Фильм и коммуникация
Фильм и коммуникация
Условный жанр «Сказания» обозначен уже в заголовке, который относится, разумеется, не только к оратории Андрея Балашова, но и к самому фильму. Между тем эта условность – равновесие между традицией и современностью – резко нарушается самим режиссером. Пианист Андрей Балашов, раненный на фронте, вернувшийся в консерваторию и в порыве отчаяния бежавший прочь, на родину, в Сибирь, очень далек от прежних героев Пырьева, подобных Климу Ярко, ибо их индивидуальность (когда находился актер, подобный Крючкову или Андрееву) осуществляла себя на фоне их же нормативности и всеобщности. Андрей Балашов и в силу редкой профессии, выбранной для него режиссером, и по житейской ситуации, в которую он поставлен, и, главное, может быть, благодаря неповторимой конкретности среды, которая сразу уводит воображение зрителя от всеобщего, – терял это особое качество пырьевских героев и индивидуализировался до конца. Его переживания, когда на сцене его соперник Оленич играет «Мефисто-вальс», душевные переливы в разговоре с любимой девушкой и любимым учителем – все это решалось обычными приемами бытовой психологической драмы и начисто лишало образ эпического начала. Наступал сбой.

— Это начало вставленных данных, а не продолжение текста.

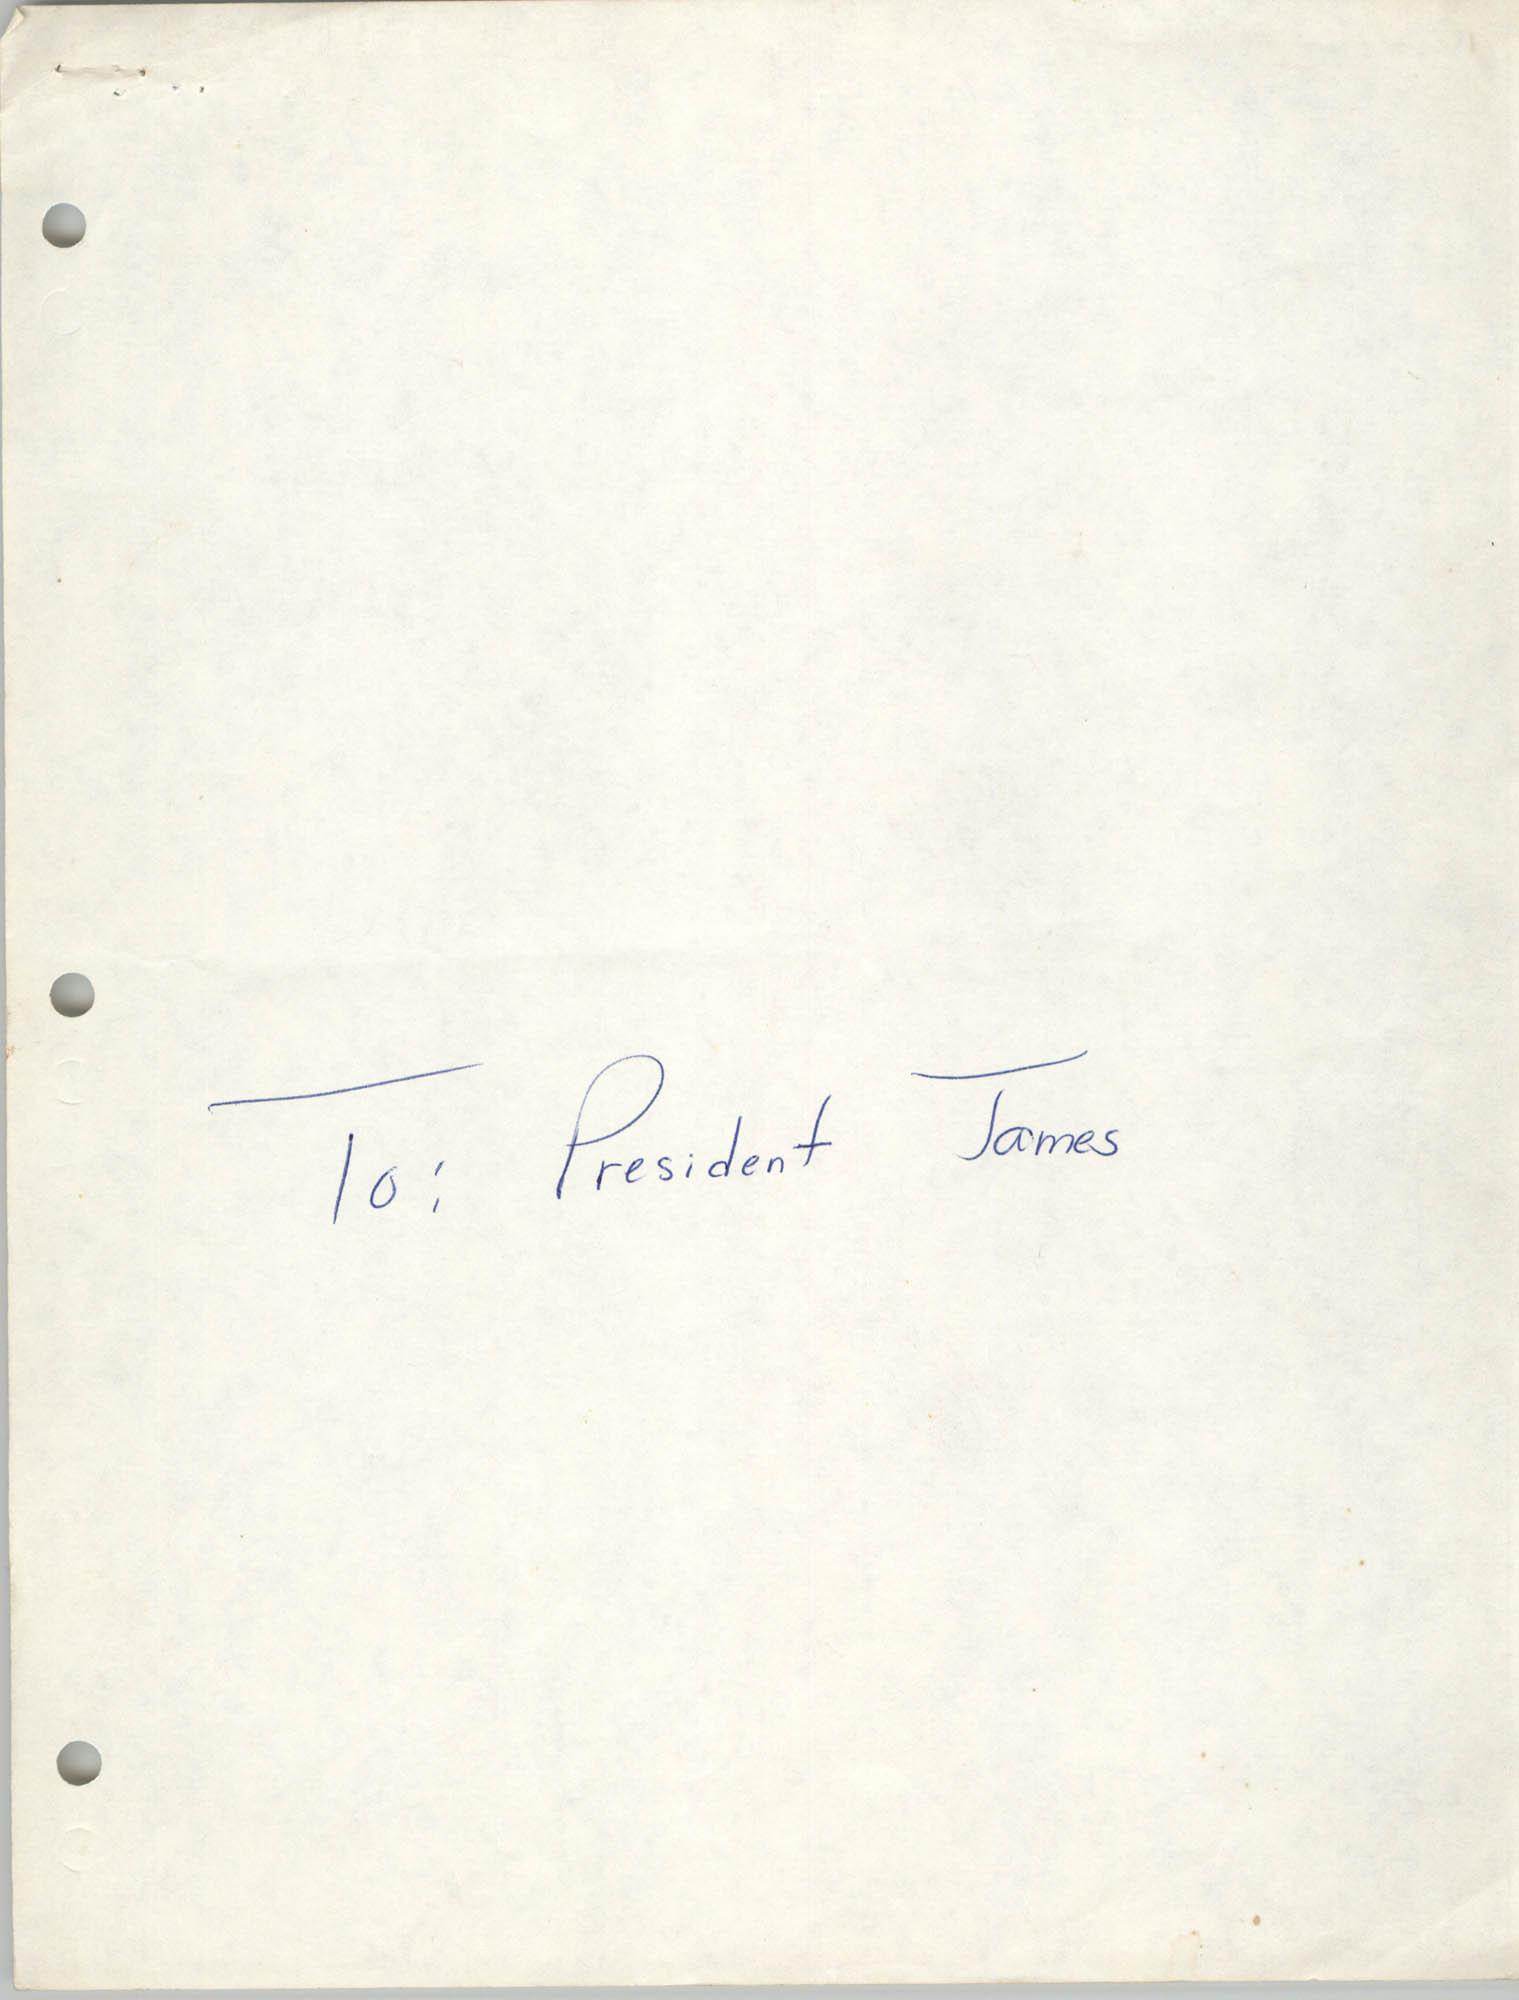 Charleston Branch of the NAACP Freedom Fund Committee Memorandum, March 3, 1989

Разумеется, Пырьев, который, как мы говорили, никогда не выходил на сцену, не прикрывшись характерностью жанра, обратился на этот раз к условности мелодрамы. Сдвиг жанра нетрудно проследить по типажу исполнителя. Если в колхозных комедиях это «народный» герой – Н. Крючков, если для оперетты «В шесть часов вечера после войны» Пырьев берет тип мужественного и оптимистичного красавца Е. Самойлова, то на роль Андрея Балашова приглашает молодого актера редкого «демонического» типа – В. Дружникова. Но мелодрама эта была «стыдливая», притворяющаяся, в свою очередь, психологической драмой. На этой почве между Пырьевым и его зрителем (имеется в виду то, что называется широким, массовым зрителем), который обычно легко и готовно принимал предложенную условность, возникал дискрепанс. В своих воспоминаниях режиссер раздраженно отвечал на те многочисленные письма, в которых зрители впервые и категорически требовали от него житейского правдоподобия, когда Андрей Балашов, не взяв расчета и паспорта, исчезал со стройки в неизвестность или Наташа Малинина отказывалась лететь на международный конкурс в Америку, чтобы остаться с любимым в сибирской чайной.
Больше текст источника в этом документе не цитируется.